Culture At Large

Kids these days: Parsing that interview with Jaden and Willow Smith

Tamara Hill Murphy

Just playing devil’s advocate here: maybe Will and Jada Smith are just like any other good parents who believe their children possess a particular brand of genius. Let’s be honest, if the New York Times style magazine wanted to feature our kids’ accomplishments and precocious personalities in an interview, we’d let them. Otherwise why are we all filling the Internet up with the videos, photos and daily commentary of our children? Let’s not even get started on the number of times we ask our friends to applaud our kids’ talent. 

So what if we looked at the interview, which appeared Monday and has been dissected throughout the week, in this way instead? Jaden and Willow Smith are two teenagers speaking the native language of most teenagers: an angsty mix of idealism and legalism. Yes, they’re privileged and that adds a somewhat unpalatable flavor to many of their responses. Yes, their family values include some unorthodox views about basic assumptions of reality. Still, I would prefer to read a kid who can throw in a few multi-syllabic concepts to spice up the typical 140-character fare (although my daughter assures me that Willow and Jaden are also quite fluent in tweet speak). I see the irony in their angsty criticism of angst, but if my high school self got the attention of major media, I’d be hunting down and burning those transcripts. 

And really, the Smith kids echo (what I assume to be) the beliefs of their parents in a way that struck me as quite familiar to the methods my church friends and I used growing up. We spouted all sorts of language about the meaning of the universe we’d been instructed like a fill-in-the-blanks quiz. Beliefs about the beginning of the world, the end of the world and the afterlife we’d learned from ancient, God-breathed texts. Our well-trained certitude sounded quite kooky to anyone outside our denominational bubble.

What have you been reading?

Willow: Quantum physics. Osho.

Jaden: The Ancient Secret of the Flower of Life and ancient texts; things that can’t be pre-dated.

Mind, I’m not asking us to agree. I’m asking us to empathize. I, too, would be more comfortable if we recognized the same Creator of universal truth.

If I had the chance to talk with Willow and Jaden and if they were willing to listen to me more than, say, their local driver’s ed instructor, I’d say two things. For that matter, I’d probably pick the same things for your kids and my own angsty four:

Don’t be afraid to be ordinary.

A few years back, my family chose this motto after hearing a spiritual mentor and guy who totally gets ancient texts, Eugene Peterson, make this observation during a panel discussion: "Most of us are pretty damn ordinary." First we laughed and then we scribbled it down word for word to add to the top of our list of family values. I guess another way you could say this is that we do not want to take ourselves too seriously. (Or, to reference an earlier TC post, we’re not afraid of being basic.)

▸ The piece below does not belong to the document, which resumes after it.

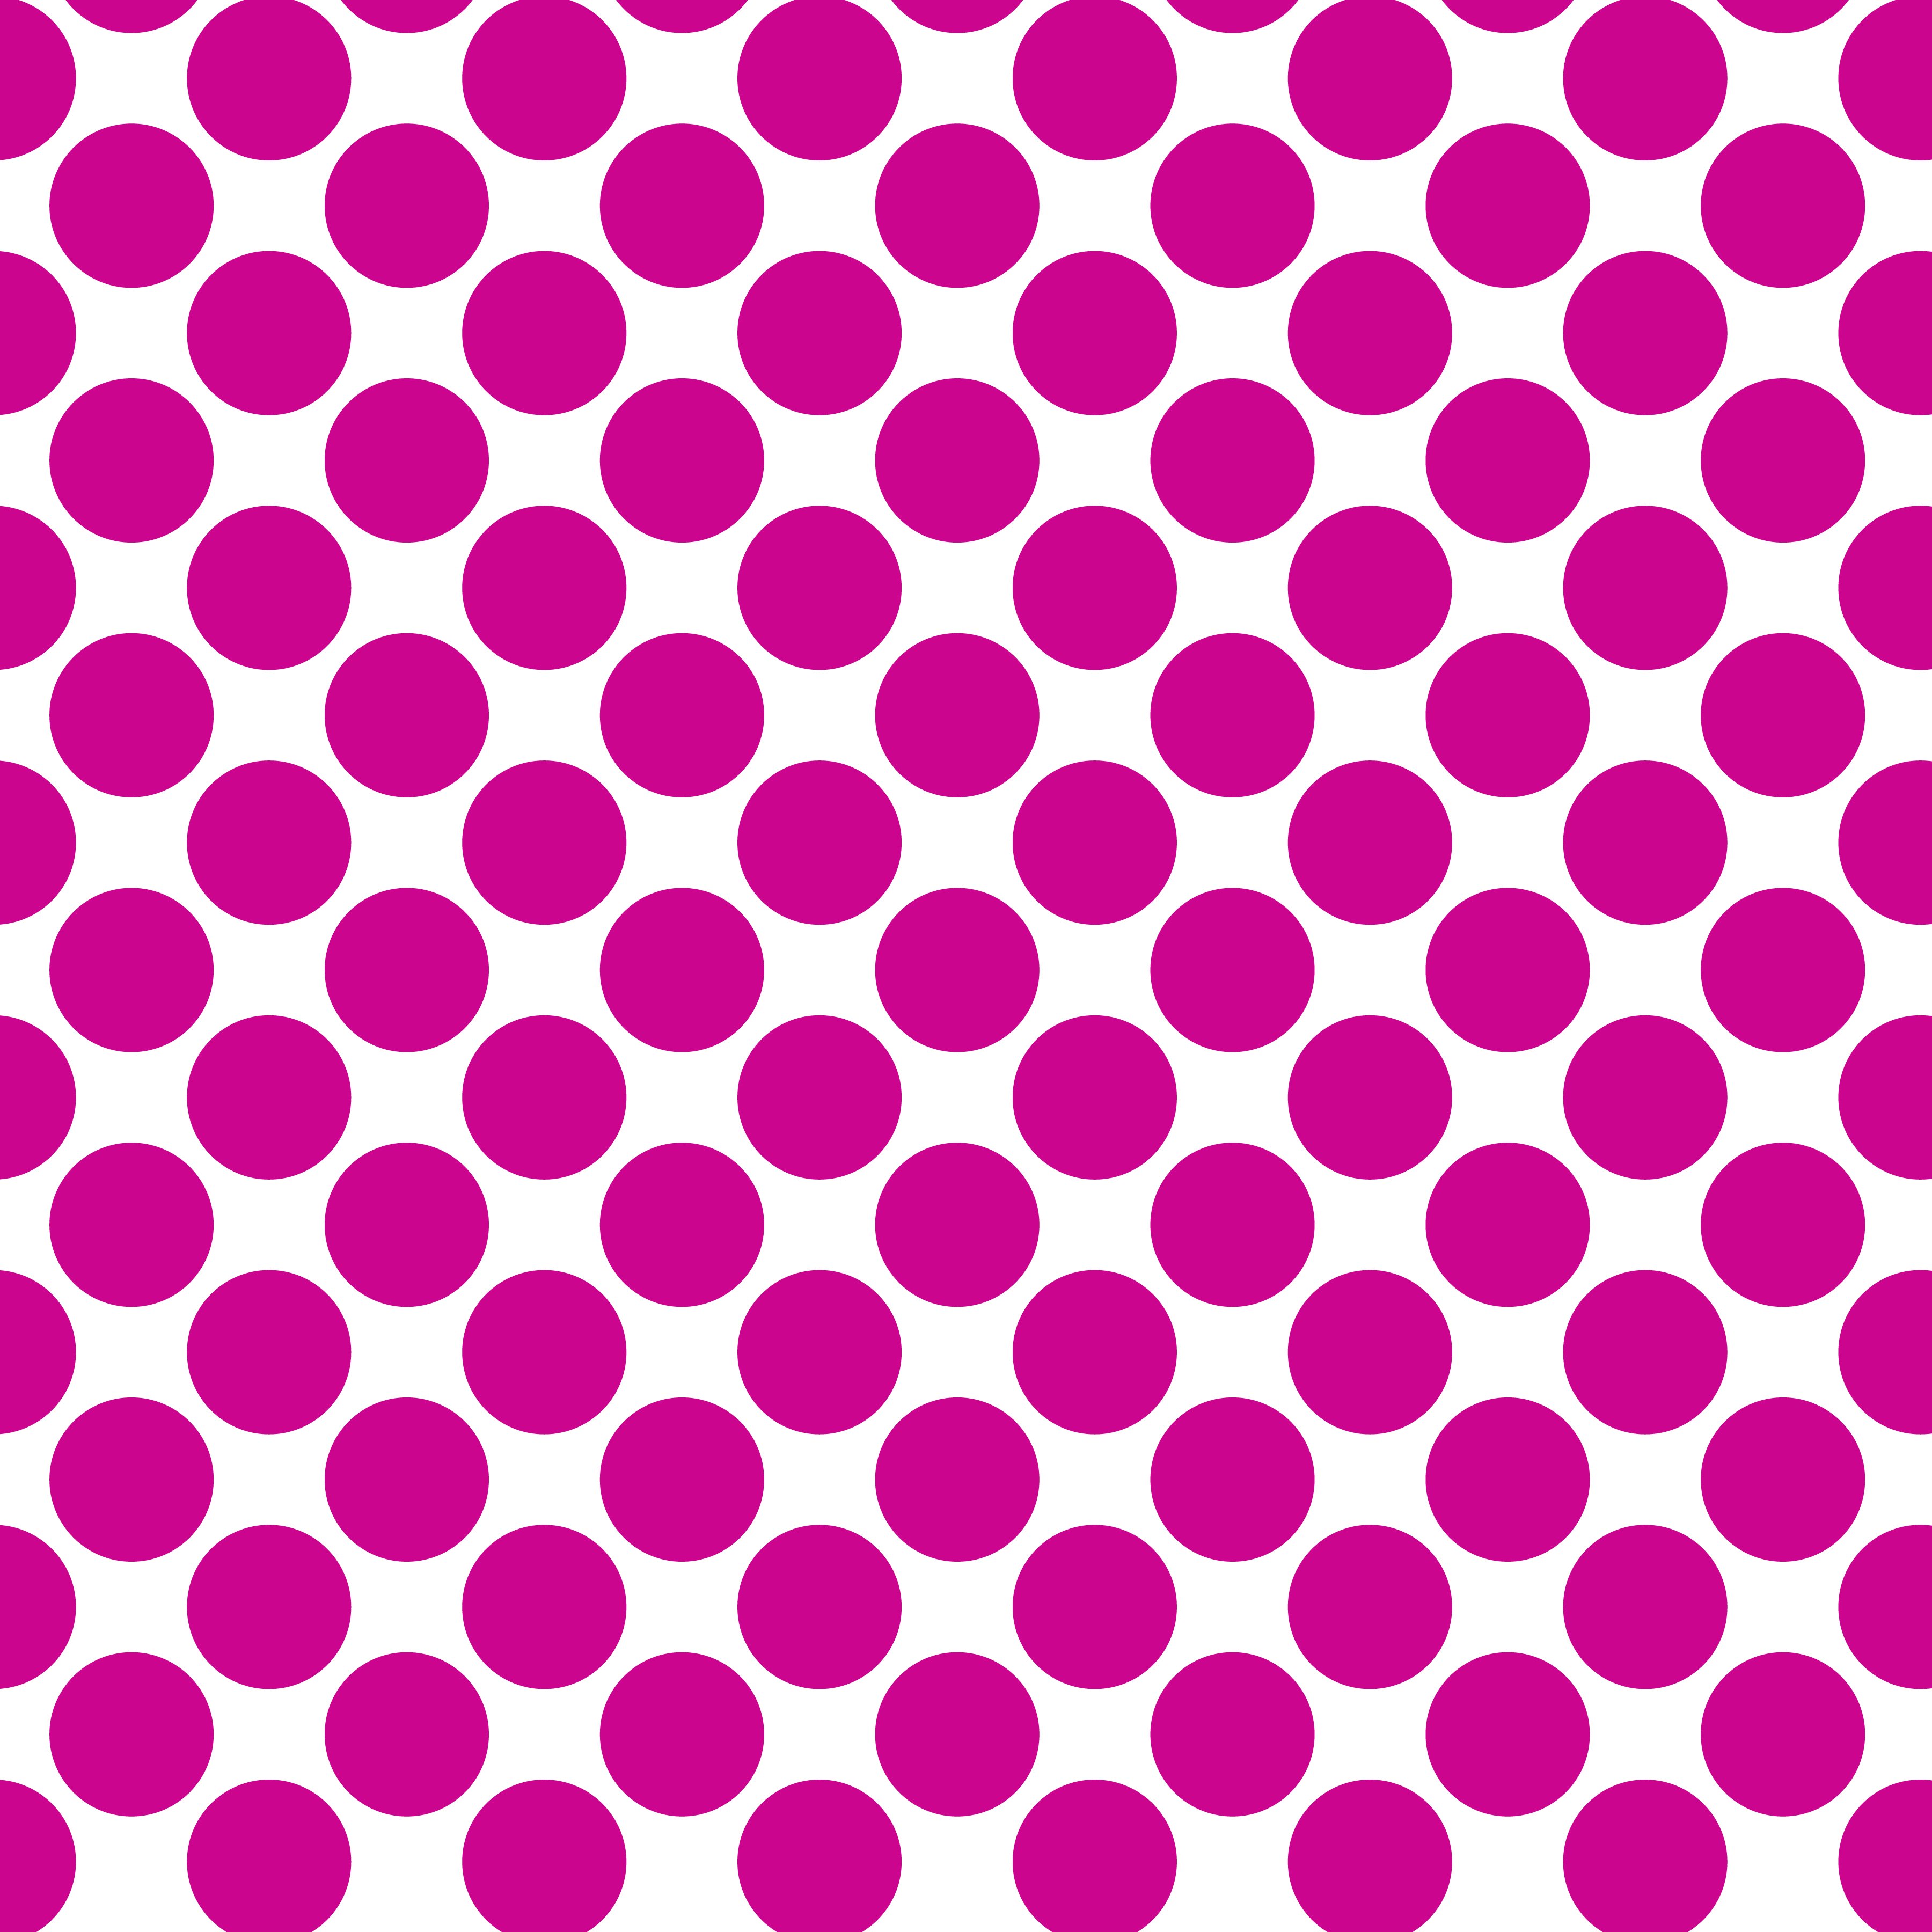 Polka Dot 1 cm Beyaz - Kırmızı Menekşe Puantiye Dekoratif Baskı Kumaş

So in our house, we allow our kids to spend a good deal of their growing up years as an unrecognized figure among a mostly unrecognized crowd. Something about the task of walking daily a bit inconspicuously has taken on a holy calling for us. This choice has become a rigorous training for living in the obscure mundane of an everyday life.

We do our best to surround our kids with a tribe of thoughtful, affirming friends to help us join the communion of cheering saints (sounds kooky, I know). This tribe does the work of naming us, calling out the particular into the homogeny of a generically seen whole. Their work is nothing less than sacramental - making visible a spiritual reality. You might say it connects us to our source energy.

Here’s what I hope for you, Willow and Jaden. I hope you’ll keep being such great friends and collaborators. 

I love the way you talk each other up and know each other’s process. A lot of siblings - young and old - could learn from your example. I hope you stay friends for life. That would be really cool. Your parents, who’ve so creatively named you after themselves, can be proud of your spirit and talent. May your ambitious hopes and dreams keep leading together toward the most authentic, unending Source of all truth.